I lost my husband at an early age and it hurts. It really, really hurts. And it’s not like he died where “Okay, I can go on with my life,” and “I’m grieving, I’m a grieving widow,” and get that kind of sympathy. No, I get the sympathy of “her husband’s injured.” And now it just seems to be people accept him. Even my neighbour who raised 7 kids when she met me and she said, she said, “I’ll never forget the first day I met you.” She says the first thing you said, “My husband has a brain injury,” and she says, “Glad I’m not in your shoes.” I’m like “Isn’t 7 kids harder to take care of?” So, she even saw me differently. You don’t have a social life. You lose him completely, so the husband I married is not the husband I have today, and he wasn’t a bad guy after all. He wasn’t drunk, he didn’t beat me, he didn’t do any of that so I feel gypped and I already dealt with losing a son from…and that should be enough in this world. Some people don’t even experience death.

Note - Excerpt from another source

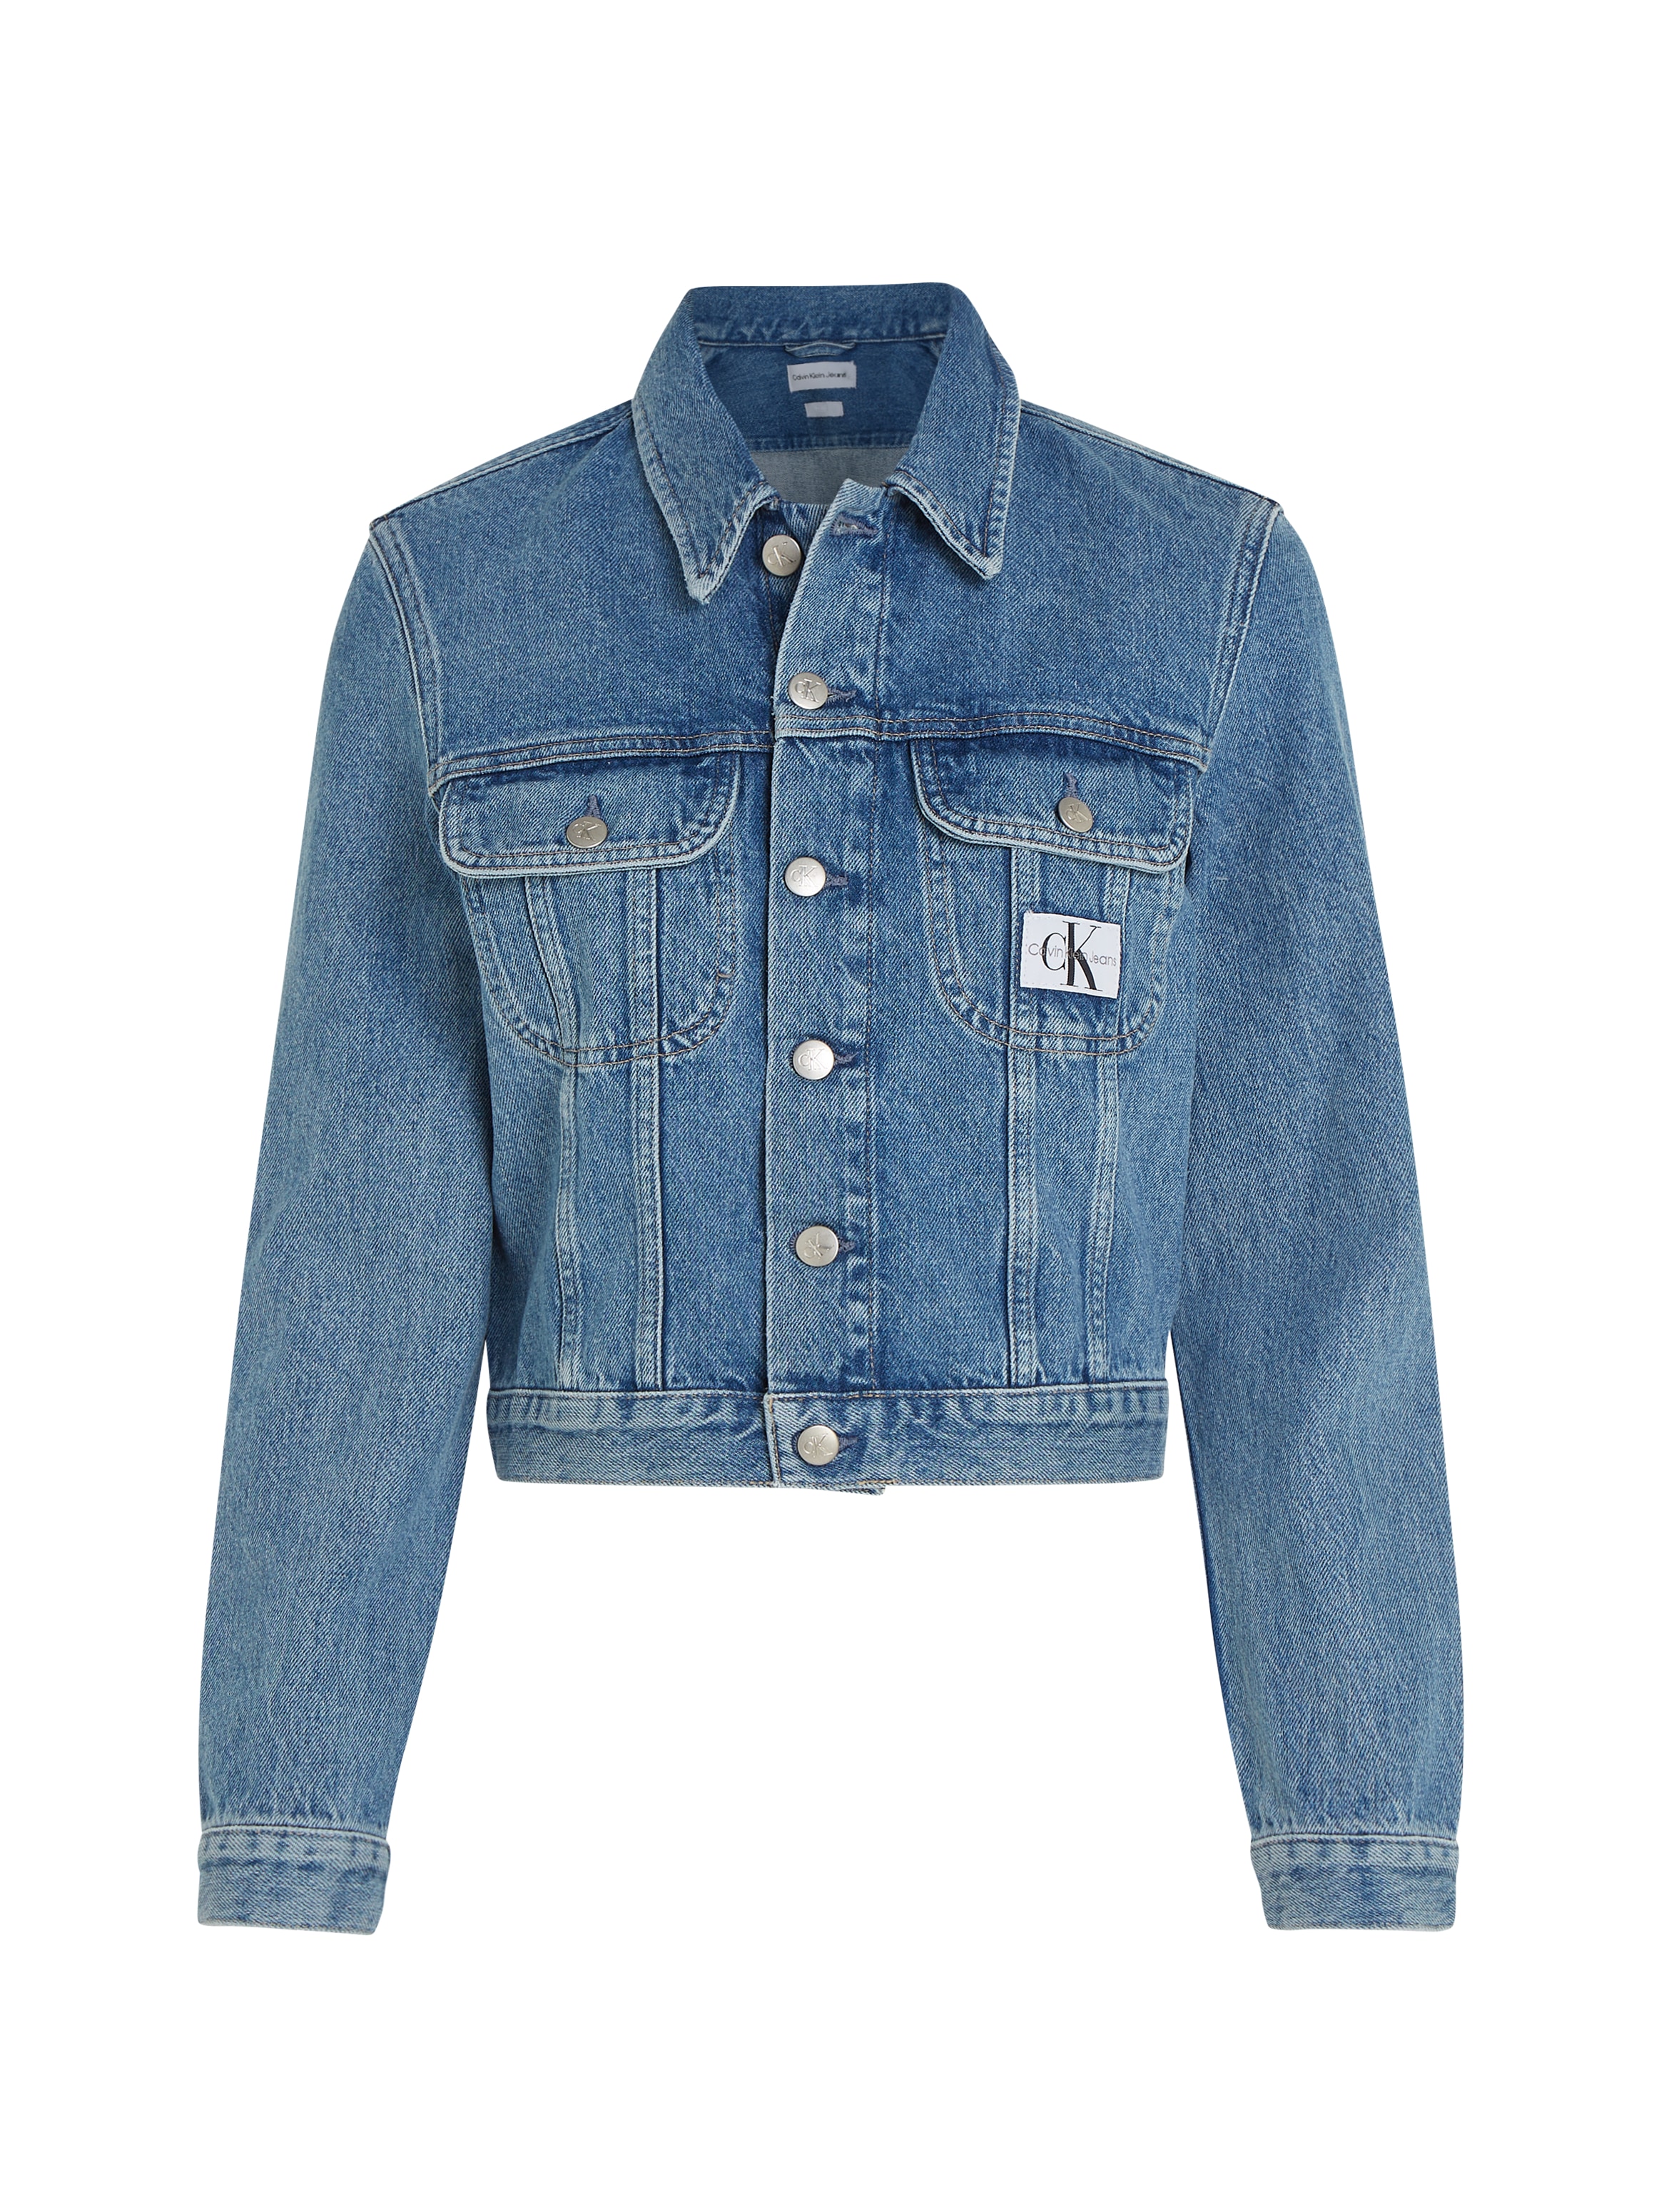 »CROPPED Klein OTTO Jeans JACKET« bestellen Jeansjacke DENIM 90S bei Calvin

I’ve experienced two, and now my husband doesn’t really exist either, and it’s hard. I mean my anniversary’s coming up and I feel guilty because yeah, I’ve made it to 25 years, but you know I’m not having no wedding party, I’m not having a reception and have friends—I don’t have any friends to invite. We’re going out for dinner, but I don’t even know if it’s going to be fun. It’s more let it pass and forget about it. And the only family contact I have is my father. My brothers and sisters just don’t care and it’s not fair.